Indeed, clicking through the two sites, it’s easy to find information on Elder Services of Cape Cod and the Islands on First Stop, but you have to know to search for it on the Mass Options site.
Jason Balboni, chairman of the Oak Bluffs finance committee, said the feedback the committee received from the council on aging is that seniors are covered by what the council does and Mass Options.
“It’s a duplication of services that doesn’t need to be paid for by taxpayers of the town,” Mr. Balboni said. “I do believe it’s duplicative.”
Rose Cogliano, council on aging director, did not respond to a message left by the Times.

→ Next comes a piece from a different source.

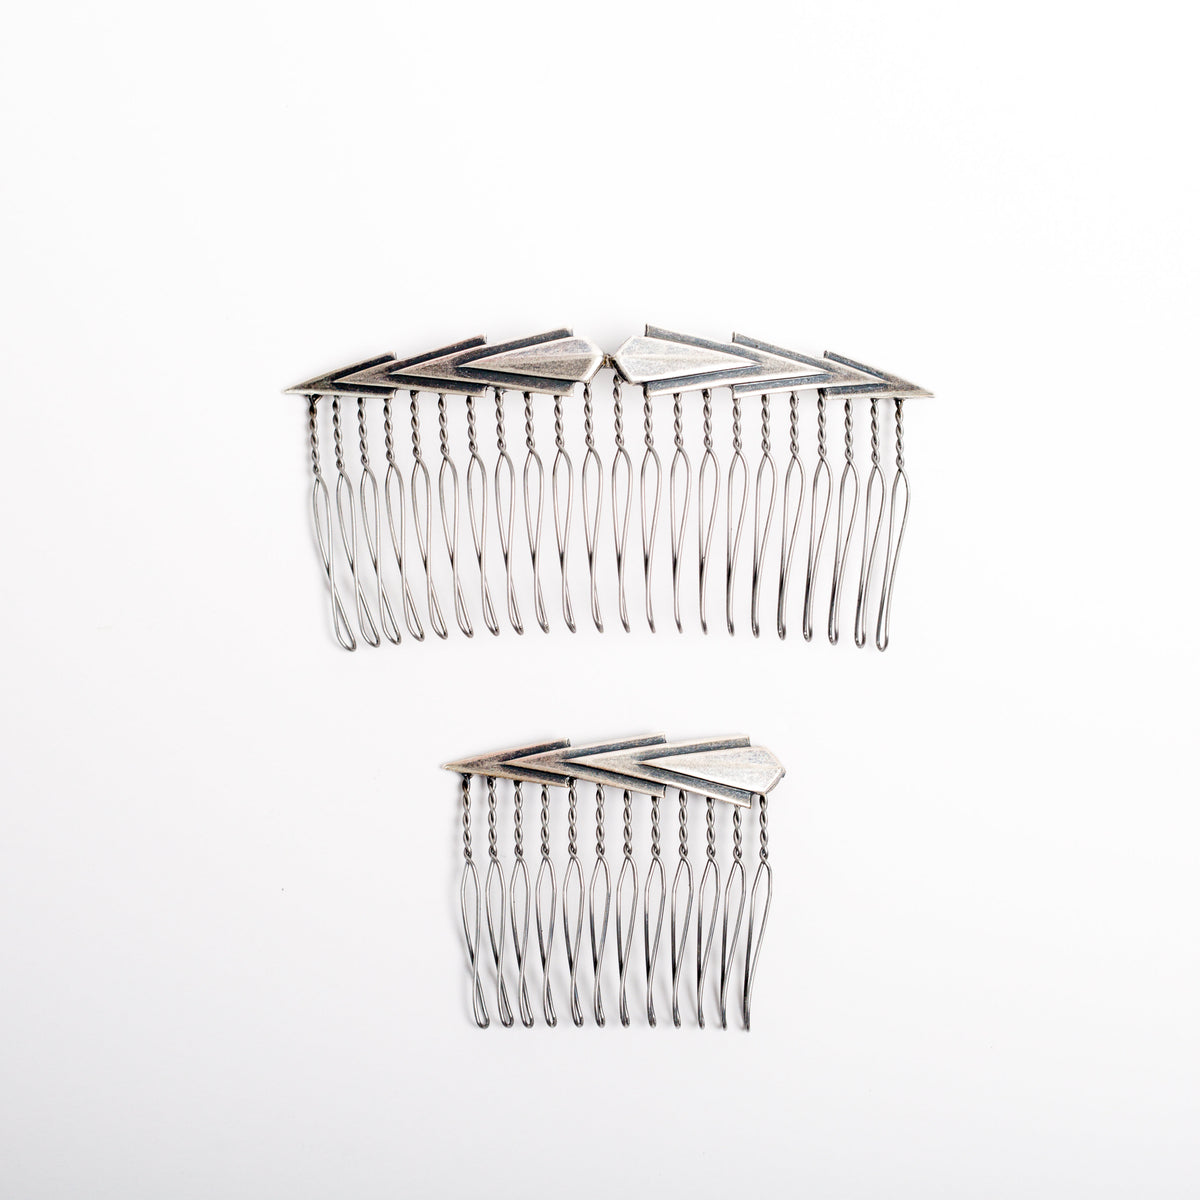 “To The Point’ Hair Combs

Michelle Hillman, a spokeswoman for Mass Options, provided a five-page information sheet on the program, but did not immediately respond to the specific question about whether the Island program duplicates the website.
Ms. Moore and Ms. Fay contend the two sites complement each other, that First Stop reaches a lot of seniors, and that those numbers are growing. In March there were close to 2,400 visits to the First Stop website, compared with less than 1,000 the previous year, according to data provided by Ms. Moore and Ms. Fay.
“It fills an important need,” Ms. Moore said.
On each town ballot a second question seeks funds for CORE (Counseling Outreach and Referral for the Elderly), which is working with First Stop to reach as many Island residents as possible to make them aware of services for homebound seniors. The six-town cost of that program is $53,000.